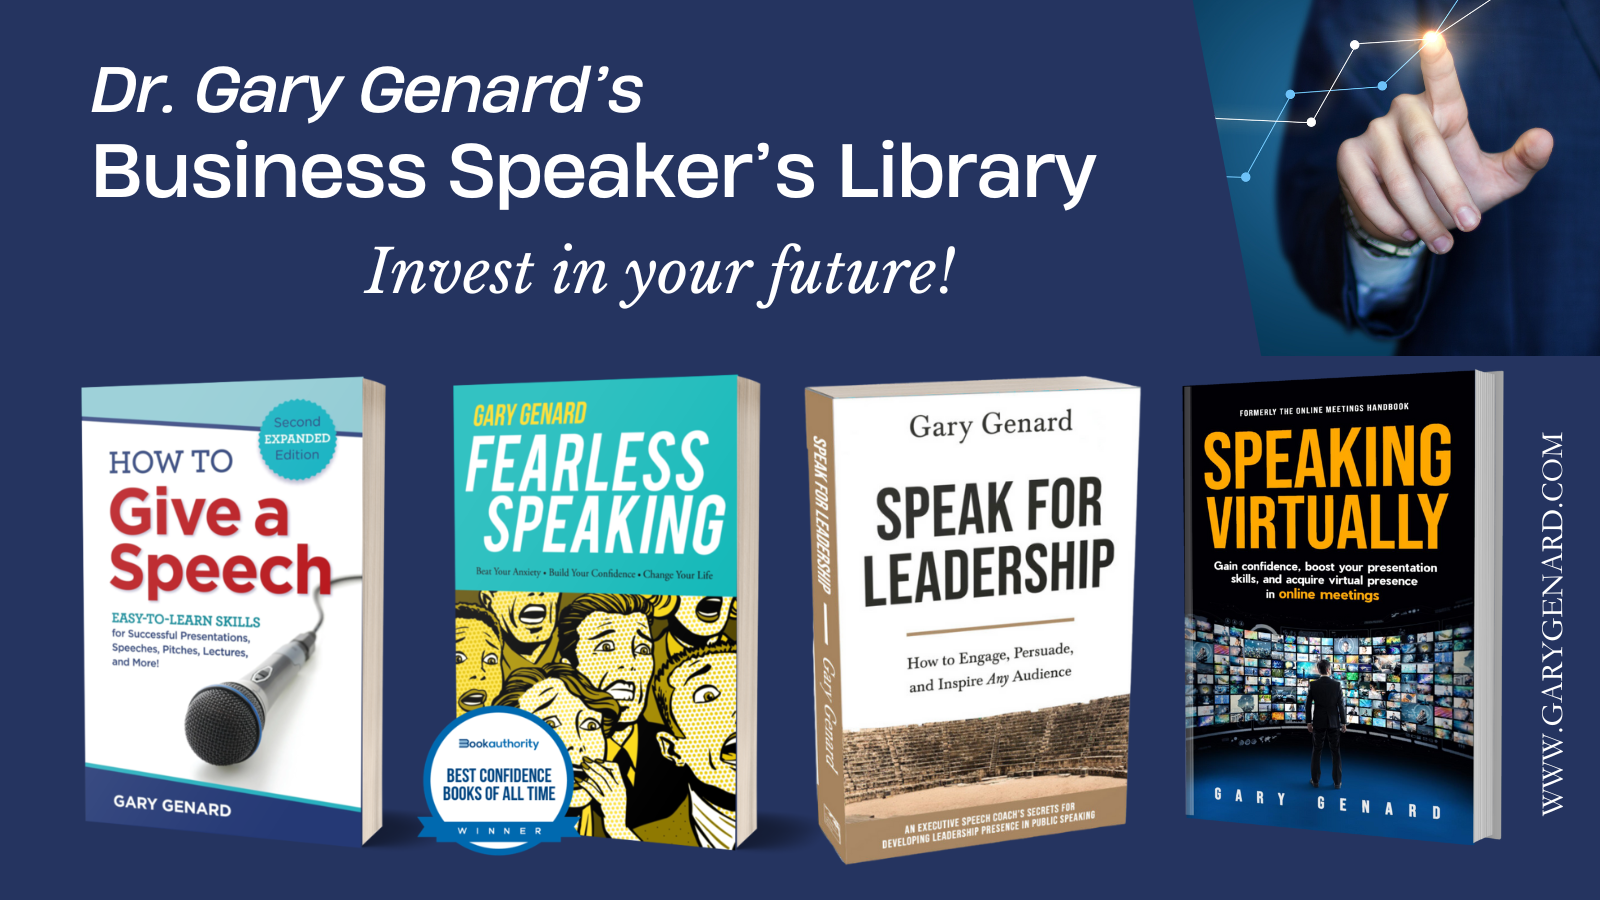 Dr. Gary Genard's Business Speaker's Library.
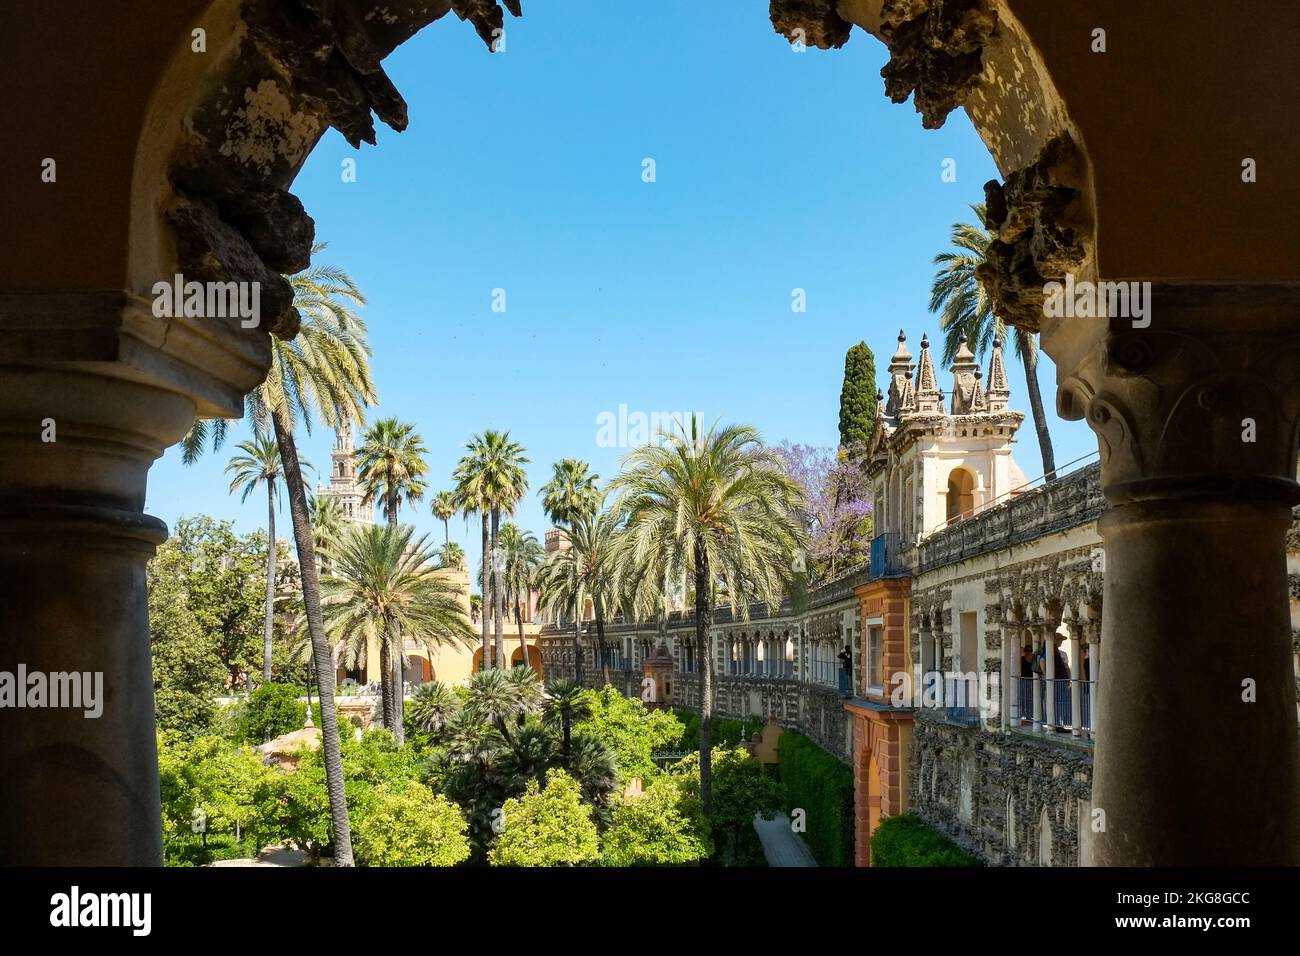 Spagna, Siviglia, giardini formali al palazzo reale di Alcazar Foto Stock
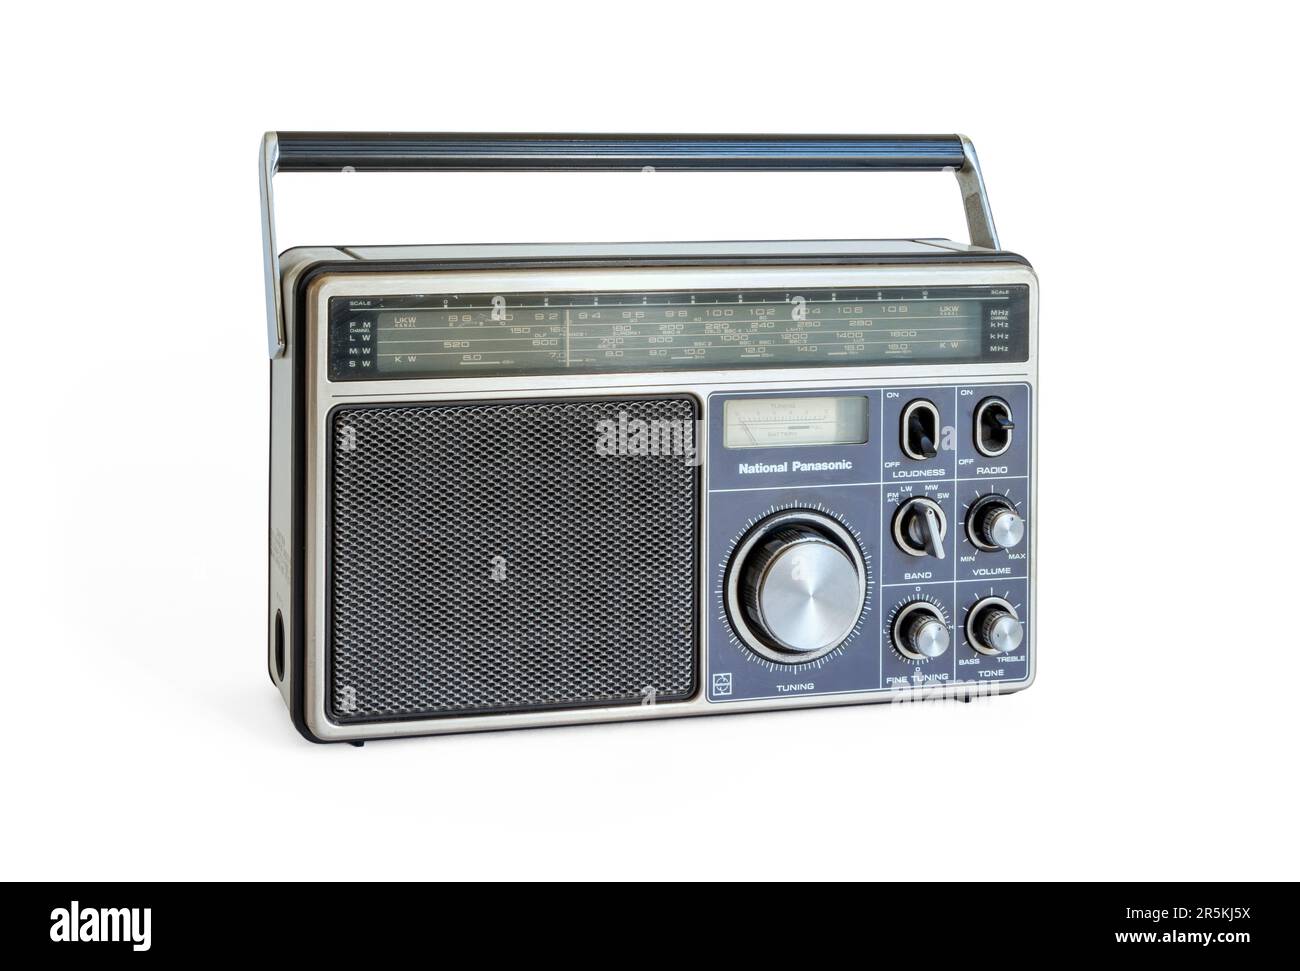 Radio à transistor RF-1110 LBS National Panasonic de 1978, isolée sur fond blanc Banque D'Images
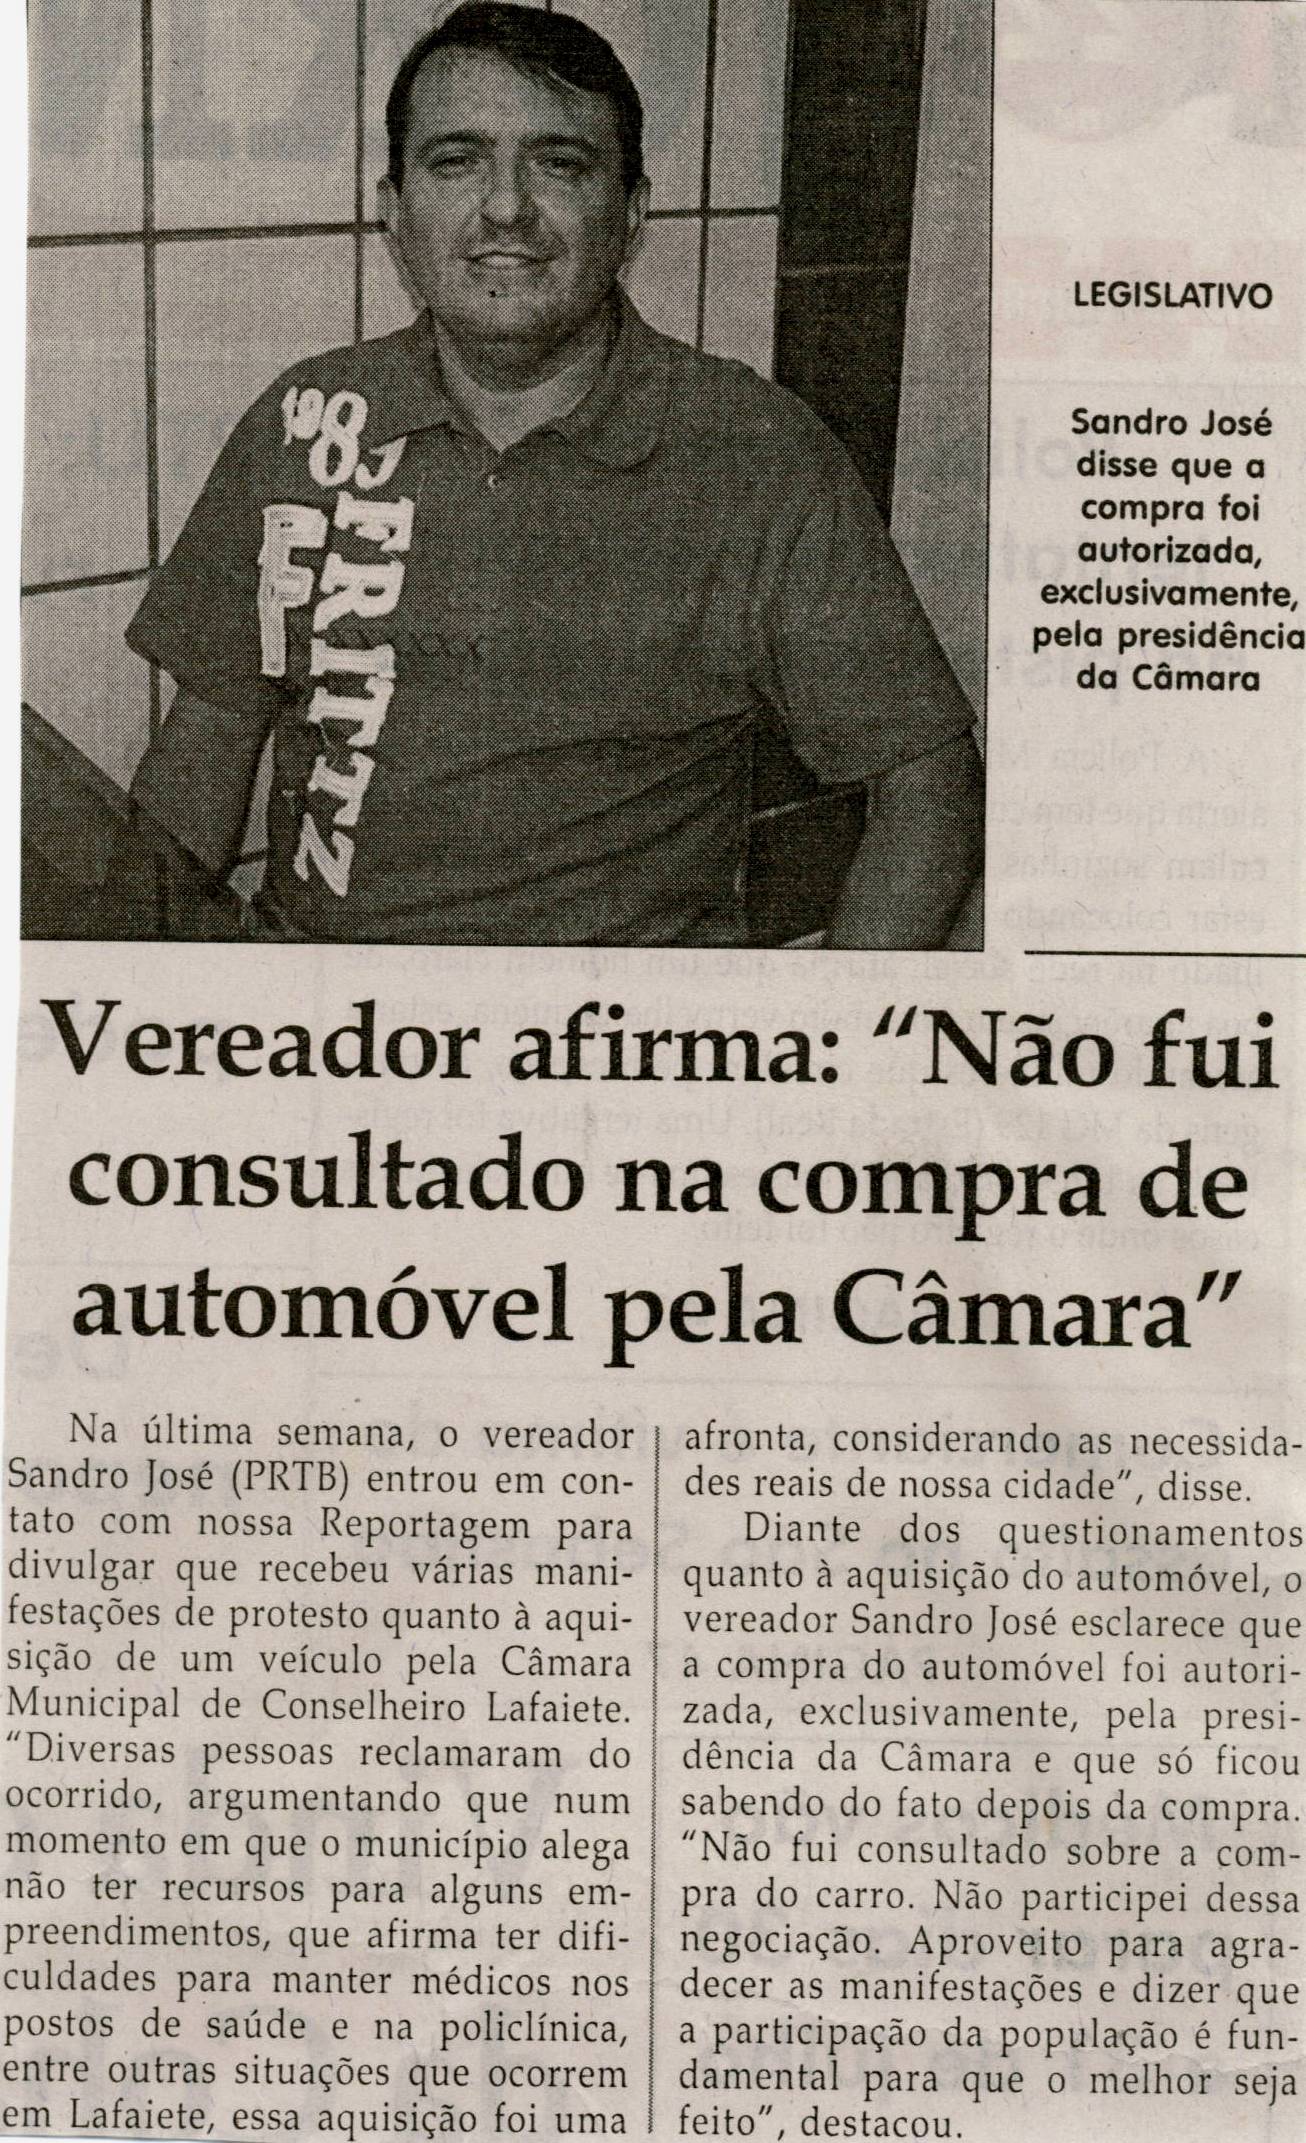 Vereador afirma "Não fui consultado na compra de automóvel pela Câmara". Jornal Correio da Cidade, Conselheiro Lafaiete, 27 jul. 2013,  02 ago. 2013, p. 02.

:: REQUIRED WORK ::
Repeat the data exactly, excluding the pictures.

:: ANSWER TO THE PROBLEM ::
 Dr. Gary Genard's Business Speaker's Library.
 Spagna, Siviglia, giardini formali al palazzo reale di Alcazar Foto Stock
 Radio à transistor RF-1110 LBS National Panasonic de 1978, isolée sur fond blanc Banque D'Images
 Vereador afirma "Não fui consultado na compra de automóvel pela Câmara". Jornal Correio da Cidade, Conselheiro Lafaiete, 27 jul. 2013,  02 ago. 2013, p. 02.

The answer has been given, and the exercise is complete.